Деконструкция — просто архитектурная метафора?


Но уже сегодня само понятие деконструкции стало напоминать архитектурную метафору. Причём часто ей приписывают негативный характер. Будто оно имеет отношение к чему-то сконструированному: философской системе, традиции или культуре. И якобы, должен прийти деконструктор, который наточив своё орудие, рассмотрит эти структуры и рас-творит их. И кстати часто выходит так, что этого действительно достаточно. Вот, например, мы исследуем систему — Платона или Гегеля — и попутно отвечаем на вопросы о том, как она строилась, что является в ней краеугольным камнем, на котором она зиждется? А затем сдвигаем этот камень и тут же обретаем свободу от господства этой системы. Но всё же я думаю, деконструкция занимается не этим. Ведь это не просто какой-то метод в руках архитектора, с помощью которого можно увидеть в разобранном виде то, что он когда-то построил. Деконструкция — это не только метод строительства в обратную сторону, желающий помыслить саму идею строительства. Деконструкция — это скорее исследование, которое затрагивает сам метод, власть архитектурной метафоры и свою же архитектурную риторику. Мы могли бы сказать: нет ничего более архитектурного, чем деконструкция, но и нет ничего менее архитектурного. Архитектурная мысль деконструктивна лишь в той мере, в какой выступает попыткой понять, насколько внутри философии сильна власть архитектурного принципа связывать излагаемое.

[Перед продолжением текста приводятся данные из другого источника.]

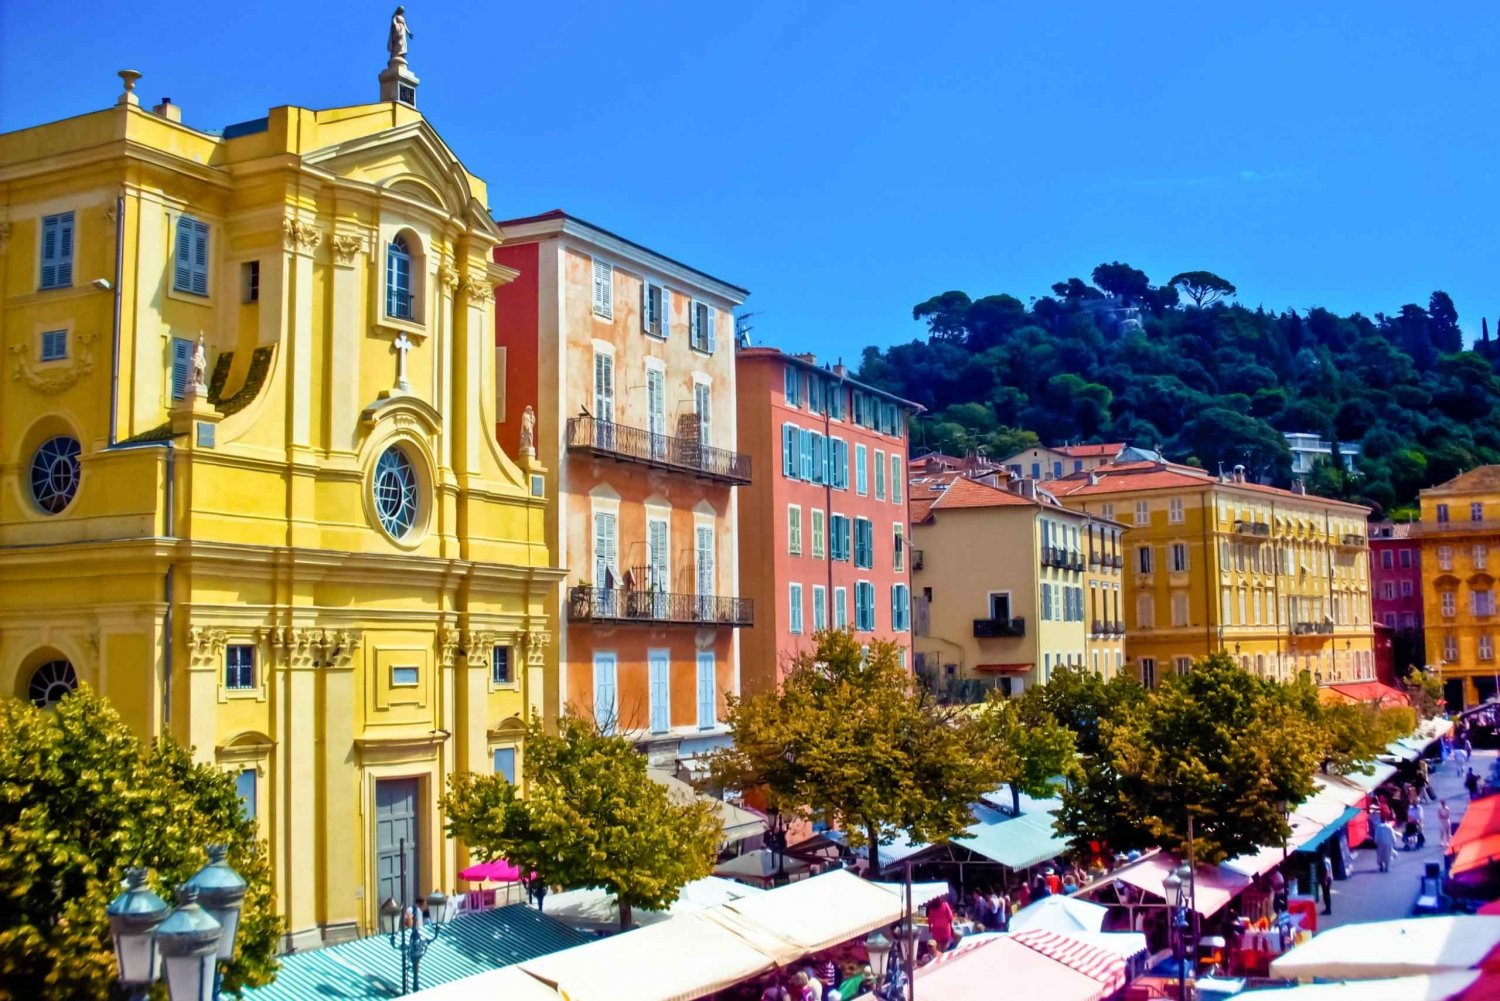 Nice: Byvandring til den gamle bydels skatte

Отталкиваясь от этого, мы могли бы вернуться к тому, что связывает деконструкцию с письмом — к опространствованию. Вспомним, что мы уже касались антропоцентрических или антропологических границ. Так вот, всякий раз когда мы их касаемся, мы возвращаемся к мысли о построении пути, который пусть и не знает, куда он ведёт, тем не менее оставляет следы. Глядя на них, мы можем убедиться воочию в том, что ведение пути — это разновидность письма, которое нельзя присудить ни человеку, ни Богу, ни животному. Ведь оно же и отмечает то место (в самом широком смысле), исходя из которого эти определения — человек, Бог или животное — могут обрести свою форму. И это письмо действительно лабиринчатое — у него нет ни начала, ни конца. Мы всегда уже в пути. И здесь же оппозиция времени и пространства или времени дискурса и пространства храма или дома, теряет свою силу и утрачивает путь. Мы живём в «письме». «Писать» — своего рода способ где-то находиться (d’habiter).


Архитектура архитектуры


Е. М. Тогда, я хотела бы немного напомнить об «архитектурном письме». Мне придётся свернуть на очередном повороте.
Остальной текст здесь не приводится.